══ Dataset section

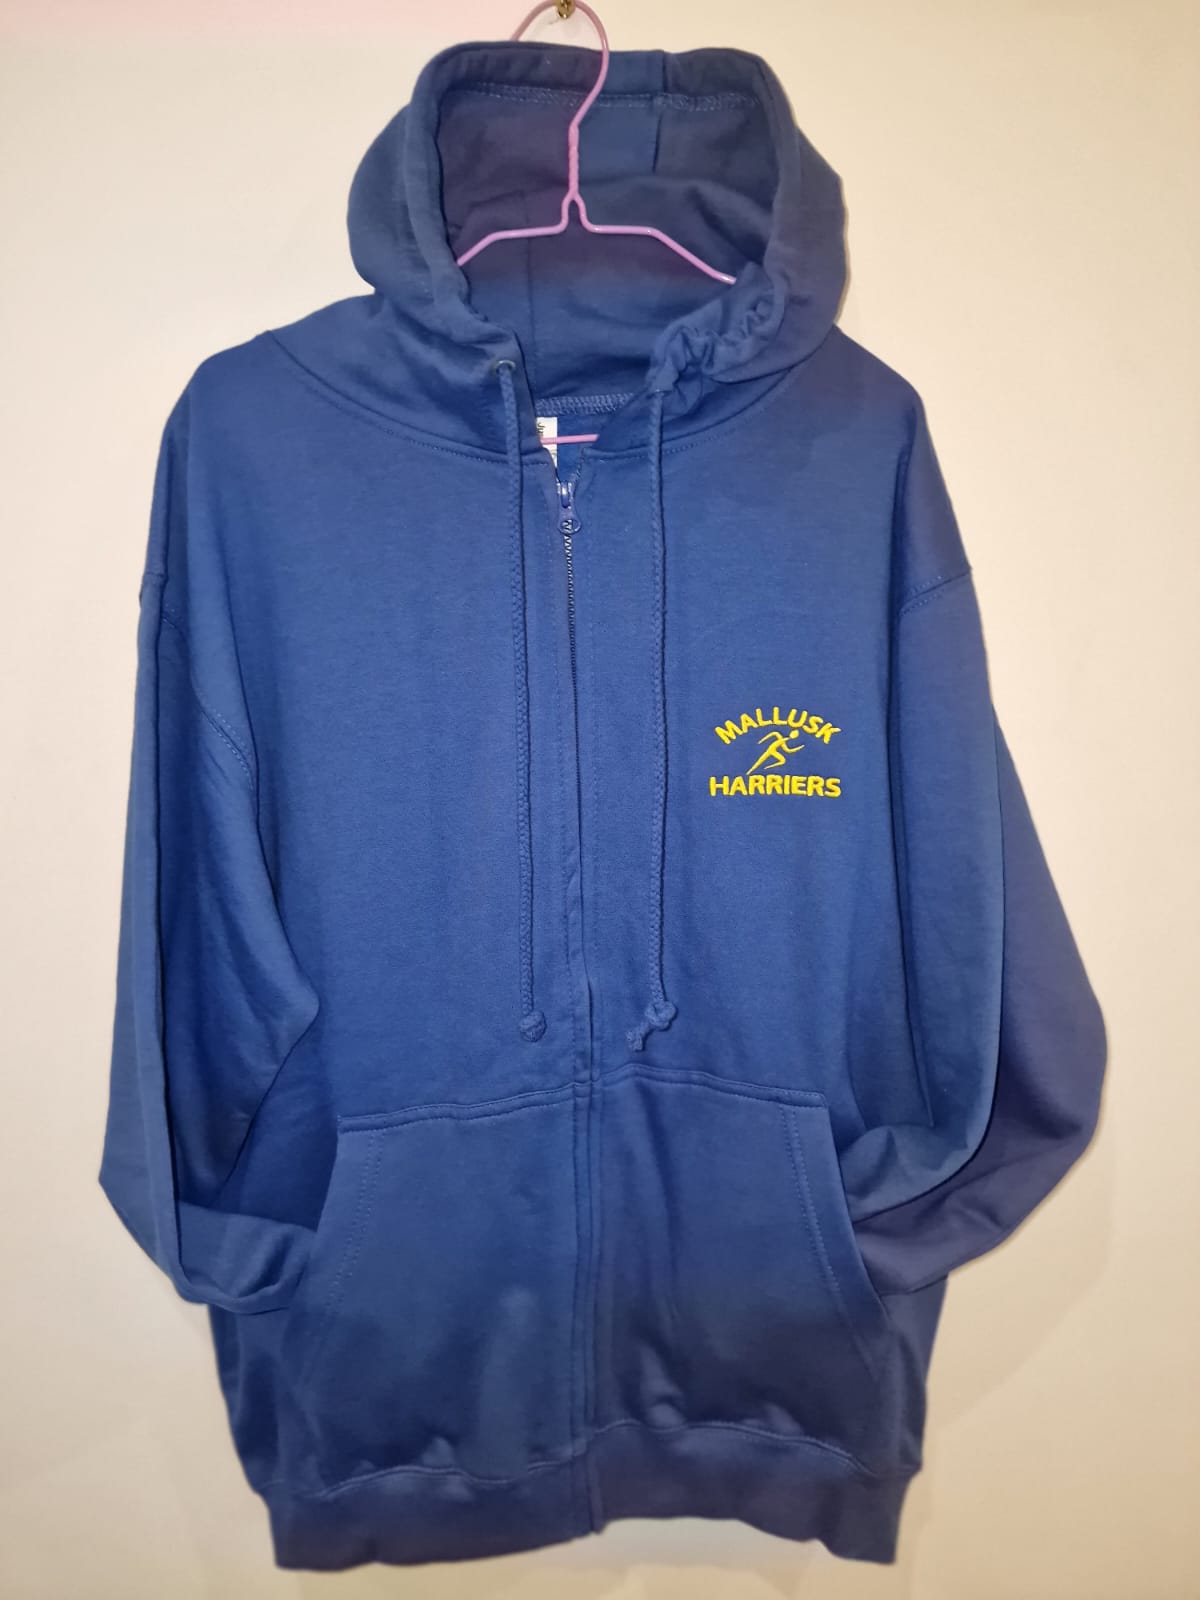 Zipped Hoodie (Initialed - no refunds)
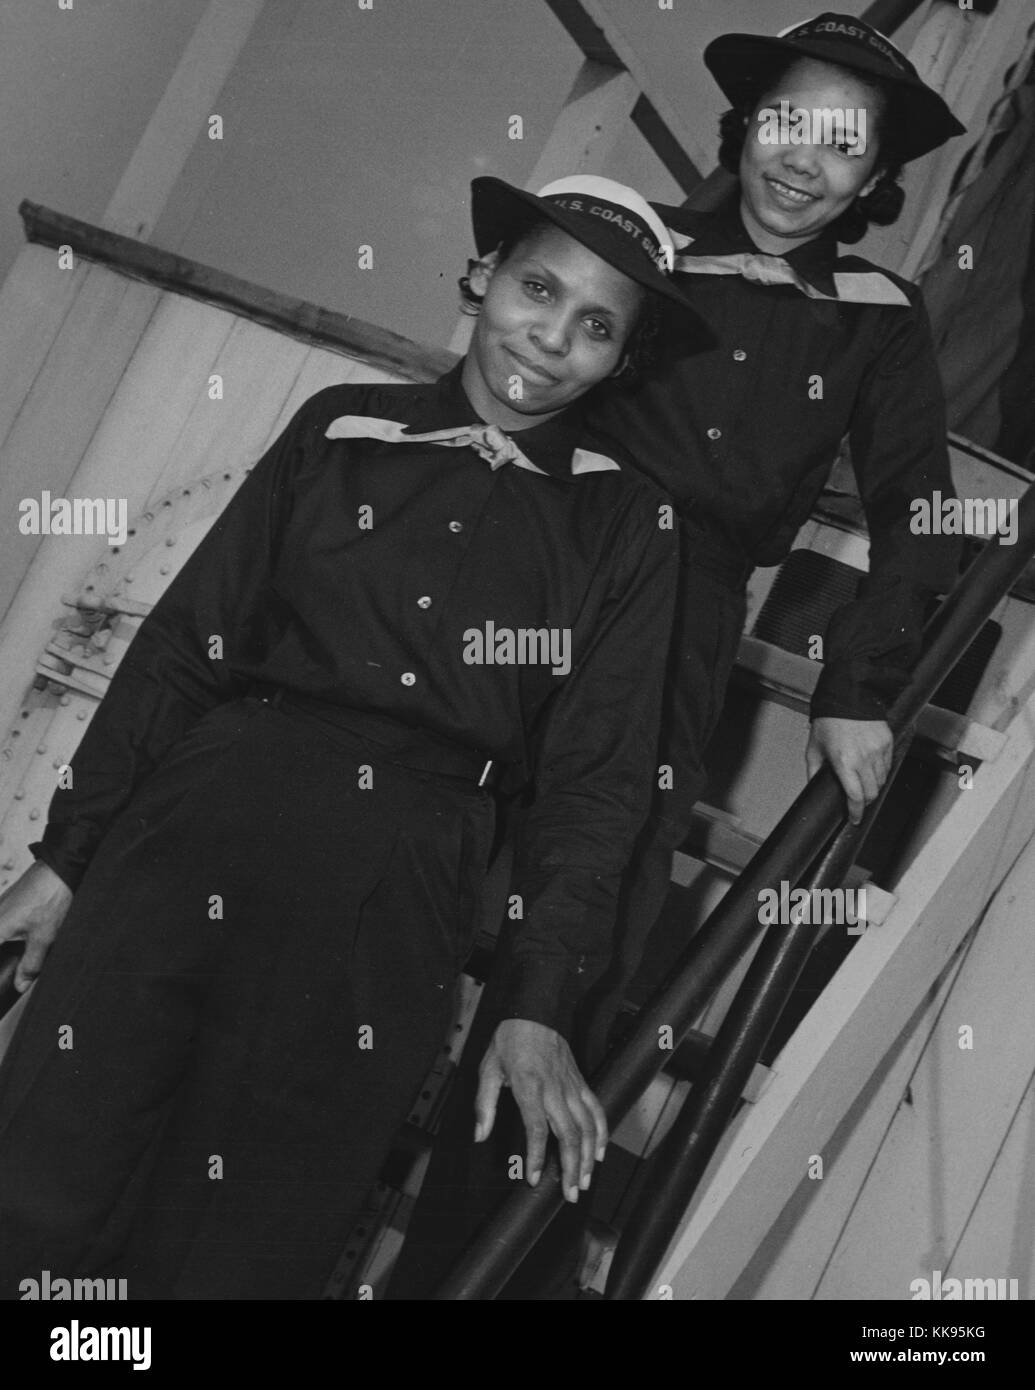 A photograph of Olivia Hooker and Aileen Anita Cooke in United States Coast Guard uniforms, on the left is Hooker who was the first African-American woman to join the United States Coast Guard, she was a member of the United States Coast Guard Womens Reserve which was known as SPARS until 1946 when her unit was disbanded, Cooke appears behind her on the right, they are aboard the USS Neversail which was a USCG dry-land training ship, Brooklyn, New York, 1943. From the New York Public Library. Stock Photo
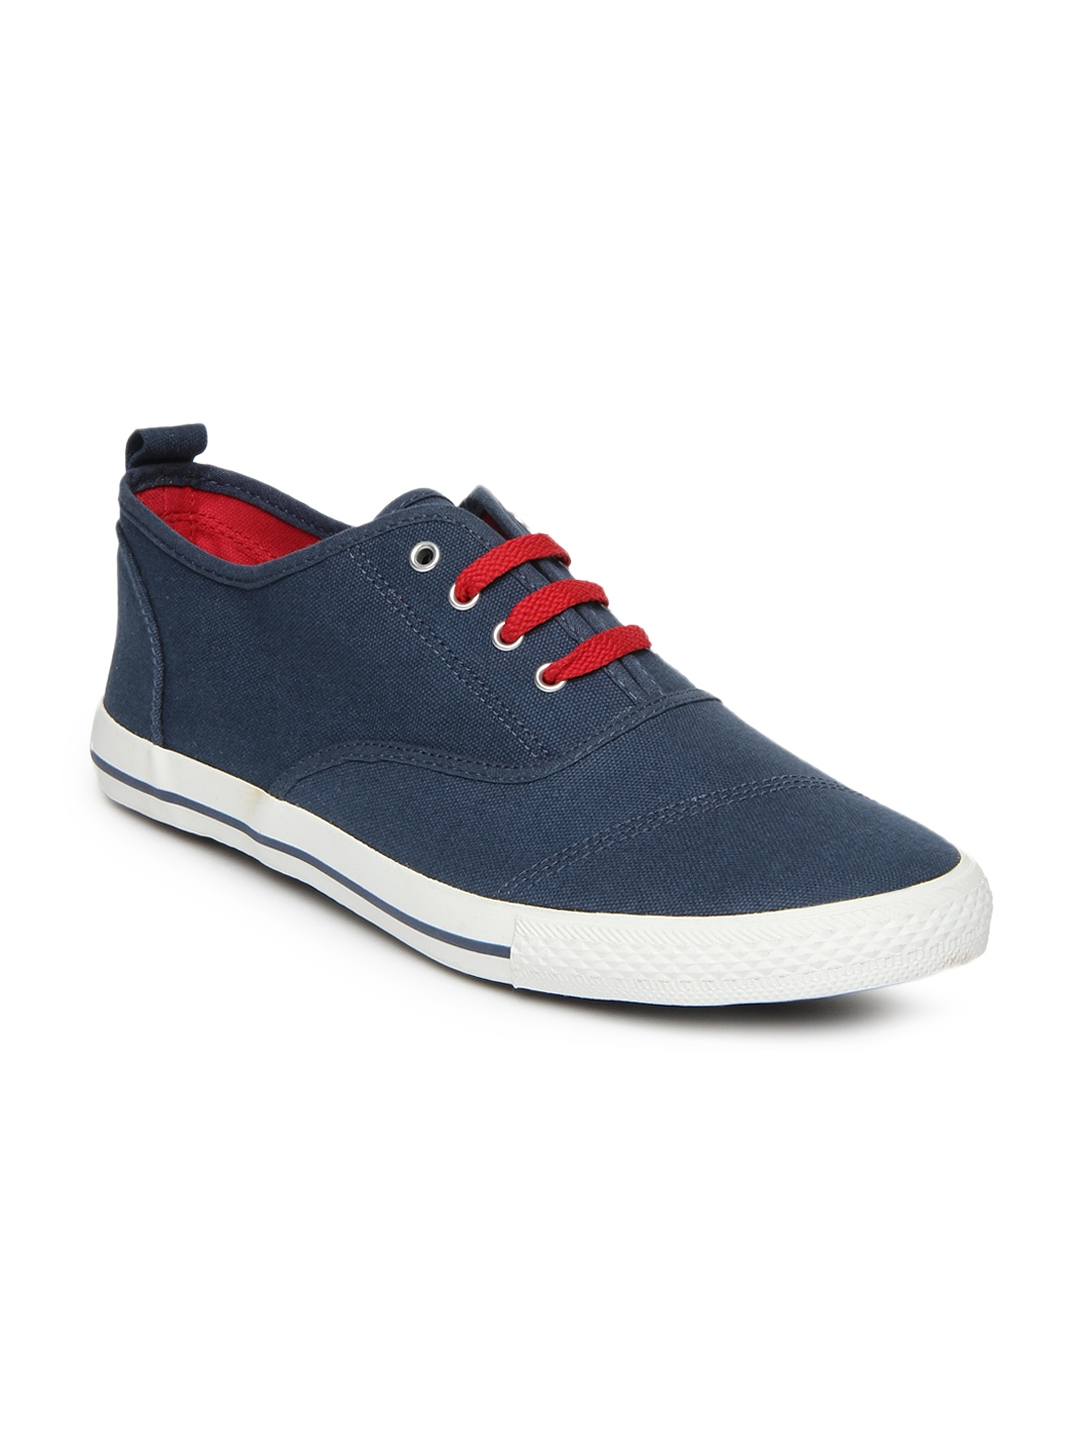 Buy Roadster Men Blue Casual Shoes - Casual Shoes for Men 438545 | Myntra

════

**Aim of the task:**
Reprint all the data above verbatim, excluding pictures.

**Exercise solution:**
 Zipped Hoodie (Initialed - no refunds)
 A photograph of Olivia Hooker and Aileen Anita Cooke in United States Coast Guard uniforms, on the left is Hooker who was the first African-American woman to join the United States Coast Guard, she was a member of the United States Coast Guard Womens Reserve which was known as SPARS until 1946 when her unit was disbanded, Cooke appears behind her on the right, they are aboard the USS Neversail which was a USCG dry-land training ship, Brooklyn, New York, 1943. From the New York Public Library. Stock Photo
 Buy Roadster Men Blue Casual Shoes - Casual Shoes for Men 438545 | Myntra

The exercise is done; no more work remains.